The hype is always better than the real thing.
Boston's Big Dig sounded like a half-decent project in the beginning. Approved in 1982 with a price tag $2.6 billion, it was completed, however, more or less, in 2005 at a price of $22 billion.
"More or less" because concrete panels loosened and crashed from the ceiling of a connector tunnel in 2006, the first full year of operation, killing 38-year-old car passenger Milena Del Valle, a mother of three. The family was awarded $28 million.
Medicare, similarly, was optimistically projected in 1967 to have an annual price tag of $12 billion by 1990. The actual 1990 cost? $98 billion.
Just the parking lot at the Kennedy Center (not the center itself or its whole shebang of theaters, lounges, offices, restaurants, etc.) had a cost estimate in 1998 of $28 million, reports Reason magazine in its March 2010 issue. The actual cost of the parking lot, completed in 2003? $88 million.
These estimates and actual costs aren't even close, with final prices running eight and ten times off. But it works, just like fishing -- camouflage the hooks with the right feathers and bangles and a striped bass thinks he's at the Ole Minnie Buffet.
Now we're getting the biggest hype yet, the idea that Obama and his various czarinas and central planners have the expertise to re-work a sixth of the U.S. economy so that we'll somehow end up with universal health coverage, 30 million more people insured, and all done in a way that produces lower costs and higher quality while not adding a dime to the federal deficit.
It's like everyone gets a shiny new Mercedes and somehow, simultaneously, the sticker price goes down, the quality goes up and there's no red ink.
Plus they're saying that billions can be cut from Medicare without cutting anything that seniors are getting from Medicare.
I get the feeling that we haven't learned much from our previous grand experiments. The list of failures in long.
During World War II, Franklin D. Roosevelt distorted the free market by implementing wage and price controls in order to prevent "profiteering" and fight inflation. Employers, in order to attract labor, switched from giving raises to providing health insurance.
Today, we're paying a high price in the global arena for that government-created market distortion that produced the ongoing employer-based health system that consistently harms the ability of U.S. firms to compete against companies from countries that spread the costs of healthcare more broadly.
General Motors reports that healthcare costs add between $1,500 and $2,000 to the sticker price of every vehicle it makes. Bottom line, America's employer-based healthcare is selling Hondas and killing Detroit.
On January 8, 1964, President Lyndon Johnson delivered his first State of the Union address, calling for an "all-out war on human poverty," with special focus on black poverty and inner city revitalization. The following year, Sen. Daniel Moynihan sounded the alarm about the breakdown of the black family in his book "The Negro Family: The Case for National Action." At the time, 1965, the black illegitimacy rate was 26 percent.
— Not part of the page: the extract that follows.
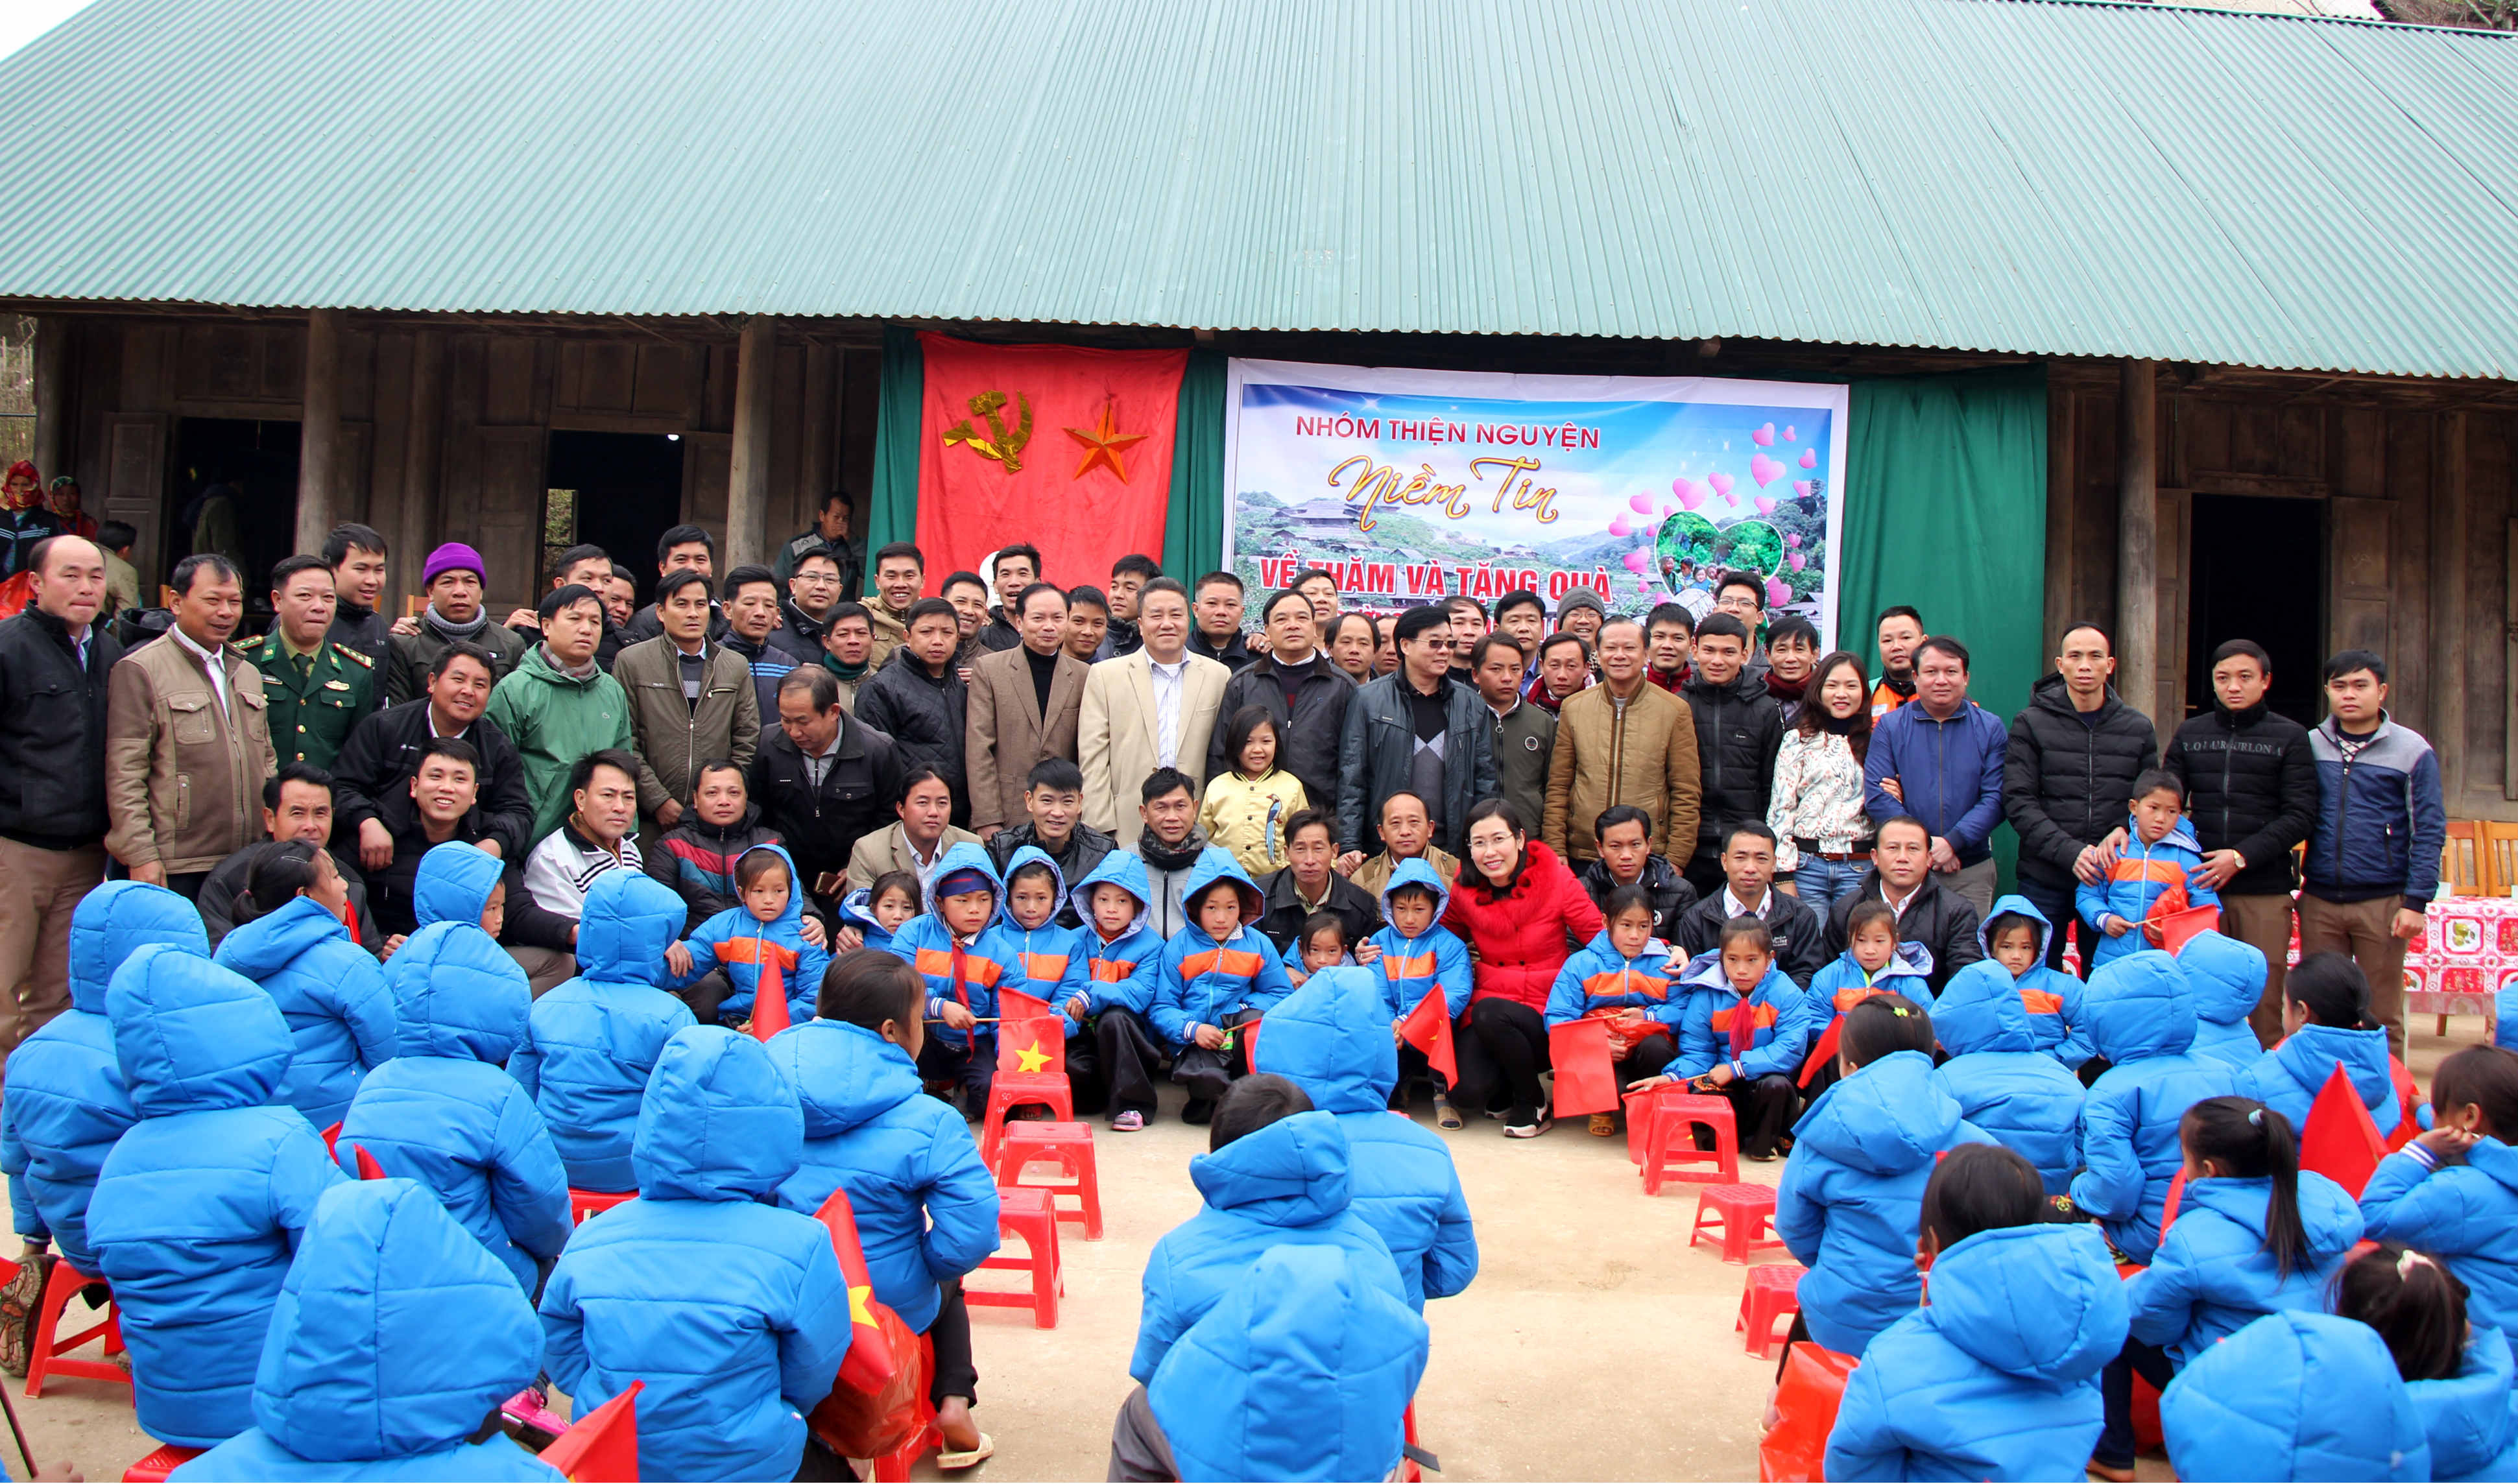 Các thầy cô và các vị khách cũng muốn lưu lại những khoảnh khắc nơi ngôi trường vùng biên giới rẻo cao, 100% học sinh người Mông.

Today, $10 trillion later in federal spending on anti-poverty programs, the illegitimacy rate among blacks is 70 percent.
Most recently, seeking universal and equitable housing, the Carter and Clinton administrations passed legislation, with well-intended consequences, of course, that forced banks to make loans in lower income areas and to unqualified borrowers. The result was a massive expansion of high-risk subprime loans, a real estate bubble, a worldwide distribution of toxic assets, and the subsequent housing crash, financial panic and bank collapses.
And now, next up on the politicians' fix-it list -- healthcare. Just say No.
Ralph R. Reiland is an associate professor of economics at Robert Morris University in Pittsburgh.